Sky News Asia has reported that Chinese authorities are considering shooting down an unidentified flying object after it was “detected” near a “port city” in the Northern Shandong province.
“According to a Shanghai newspaper, fishing boats were warned to be on alert,” he told Sky News Australia.
China’s state-controlled Global Times said in a tweet in the morning that maritime authorities in eastern Shandong province announced that they had spotted the object in waters near the coastal city of Rizhao and were preparing to shoot it down, reminding fishermen to be safe.

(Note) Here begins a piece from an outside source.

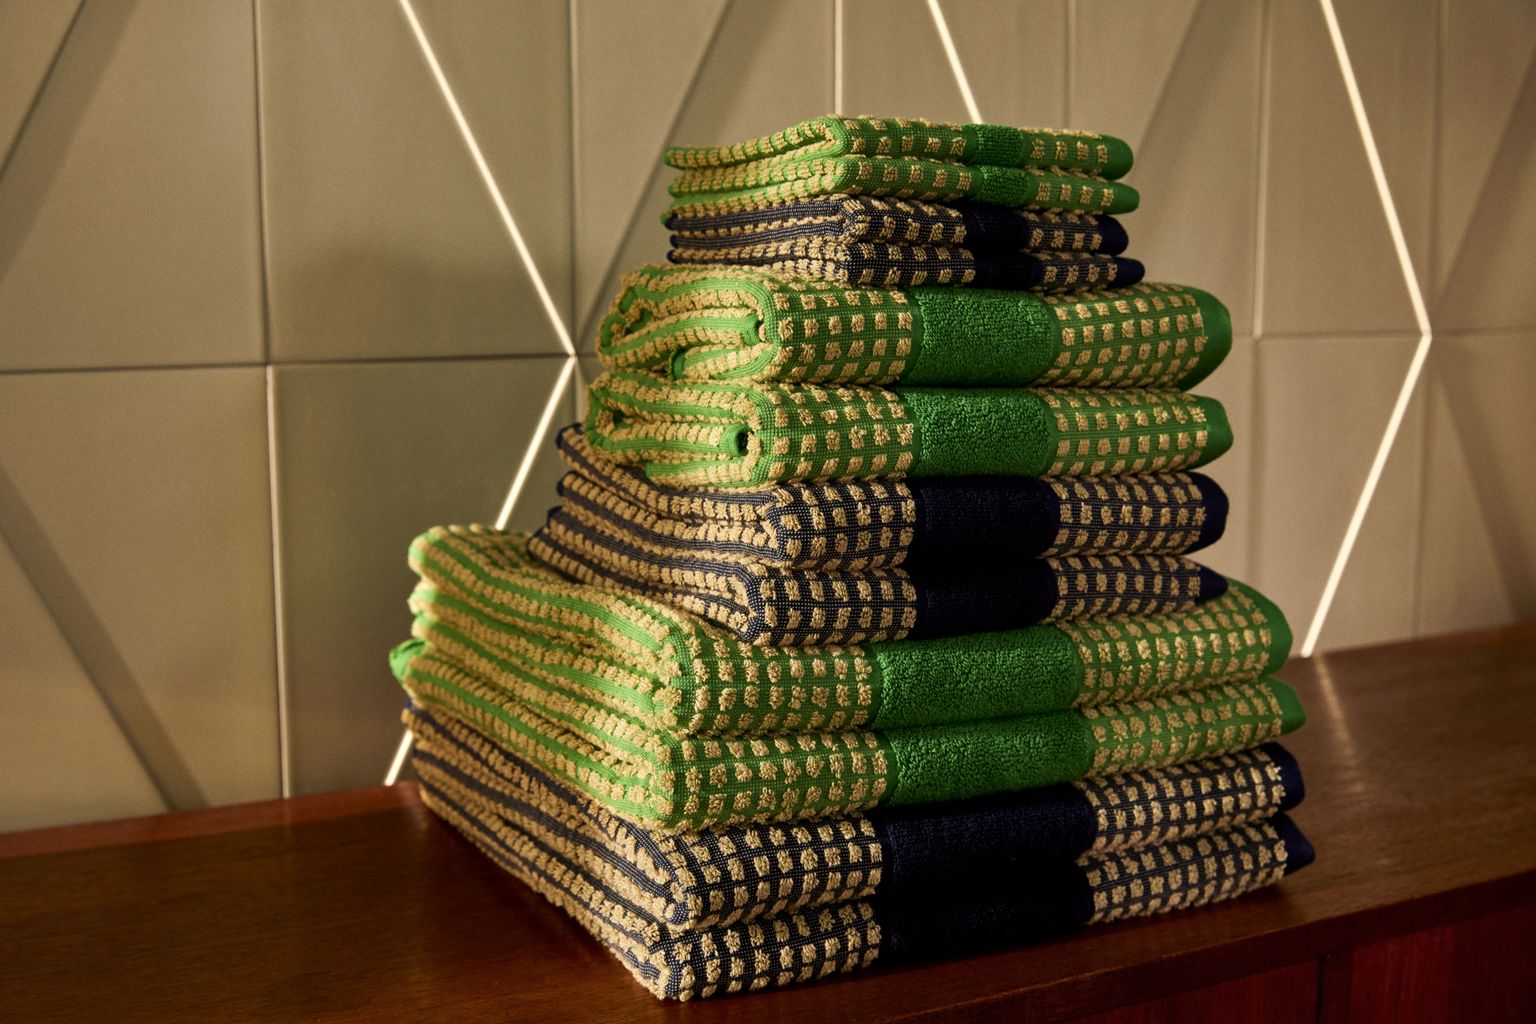 Juna Check Washcloth 30 x30 cm, zielony/beżowy

It was not immediately clear to whom the flying object might belong, every country was now looking to the skies with more skepticism, ever since the US military shot down a Chinese spy balloon on February 4. On Friday, US fighter jets downed another object off Alaska’s north coast.
As the ‘UFO’ adventures continued, Canadian Prime Minister Justin Trudeau said in a tweet that Canadian and US aircraft were scrambled in a joint military operation, and a “US F-22 successfully fired at the object” to take it down.
Canada’s Defence Minister Anita Anand later said the object shot down in the Yukon was “small, cylindrical” in shape. she added that “the object was flying at an altitude of approximately 40,000 feet, had unlawfully entered Canadian airspace, and posed a reasonable threat to the safety of civilian flight”.
Shortly afterward, in a sign of jitters over possible intrusions, aviation authorities shut down part of the airspace over the northwest US state of Montana after detecting what they called a “radar anomaly”. The US Northern Command said the fighter jets took to the skies but “did not identify any object to correlate to the radar hits” and skies were then reopened to commercial air traffic.